There's a flaw with the analogy in the article. The way bandwidth is measured for I/O, the round trip is the metric that is most important. So in the highway sample that would be the time for a pool of cars to do a round trip from NYC-LA-NYC and detour at Boston will have a huge impact on the final number.

December 22, 2008 1:25 PM
 

Linchi Shea said:

If you are measuring th time of a round trip, you are measuring the response time (or latency). And if that's what you are measuring, the detour would have a huge impact. I don't think we are in disagreement.

December 22, 2008 2:24 PM
 

Jason Massie said:

From the DBA's perspective, it would be really hard to create a data file or log with lots of 128k or 2MB fragments. However, the default autogrow setting for a database created through the GUI is 1MB. If you had to guess, how would that behave on an enterprise SAN?

December 22, 2008 3:39 PM
 

Linchi Shea said:

128K fragments are a bit extreme and were chosen on purpose to help explore the boundary conditions. If I had to guess with the help of the results from 128K fragments and 2MB fragments, I'd say you probably will see very little degradation, if any. I have more results to post on this topic, and hopefully will help make it clearer.

December 22, 2008 4:00 PM
 

James Luetkehoelter said:

A great post Linchi...I think that file fragmentation presents potential issues in a number of counters. Great analogy of throughput as well.

December 22, 2008 8:04 PM
 

Grnpy Old DBA said:

Most san vendors will tell you that file fragmentation does not matter on a san. It's very easy to get fragmentation because if you load a number of databases onto a drive whereby you need over 50% of the capacity eventually as you create and load the databases they will fragment as the files will not positione themselves sequentially. Add database growth and attempts to defrag the drive and very soon you get fragmented mdf files. With lots of free space this doesn't happen, but most san vendors aim to get 80% or better utilisation, so you never get to fragment your files. Proving there is an performance hit is another matter, I always like your posts because you seem to get to do so much most of us probably can't - keep up the good work.

December 23, 2008 8:17 AM
 

Linchi Shea said:

Thanks Grnpy Old DBA! I should have highlighted that the latency numbers I have in the chart are maximum latency in each test. The average latency numbers were actually about the same in each of the three test scenarios.

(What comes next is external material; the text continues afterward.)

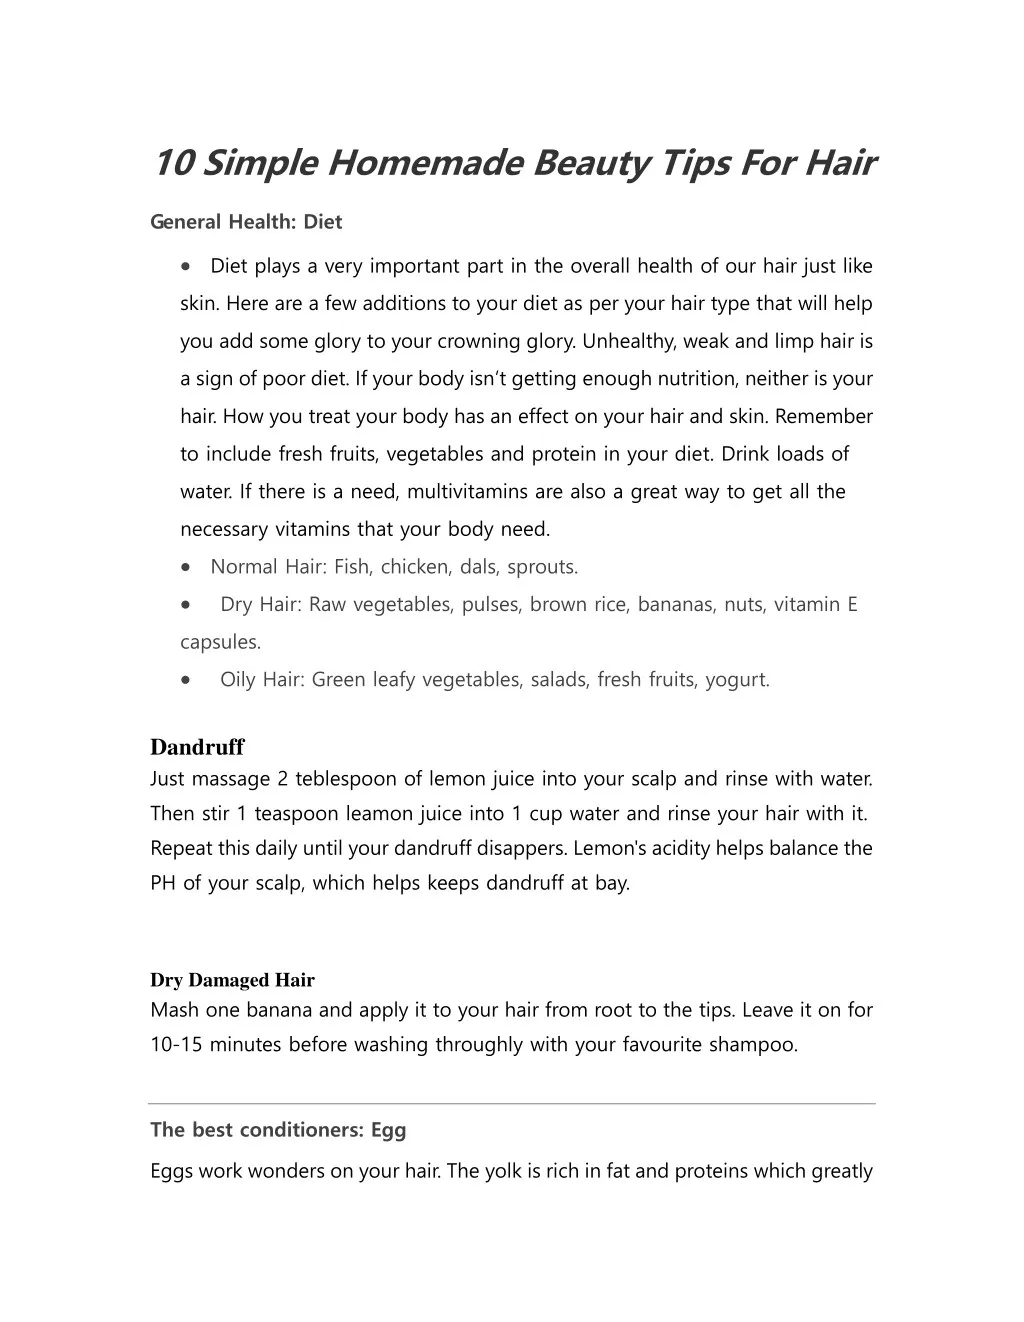 10 simple homemade beauty tips for hair

The other thing is that on a drive presented from a SAN (disk array) is not a drive in terms of the traditional disk geometry. I don't believe the usage (i.e. how full it is) has as much an impact on performance as you would see on a traditional disk drive.

December 23, 2008 11:37 AM
 

Bernd Eckenfels said:

You have been measuring in-cache transactions in the tests before, so why does it affect you so badly, still?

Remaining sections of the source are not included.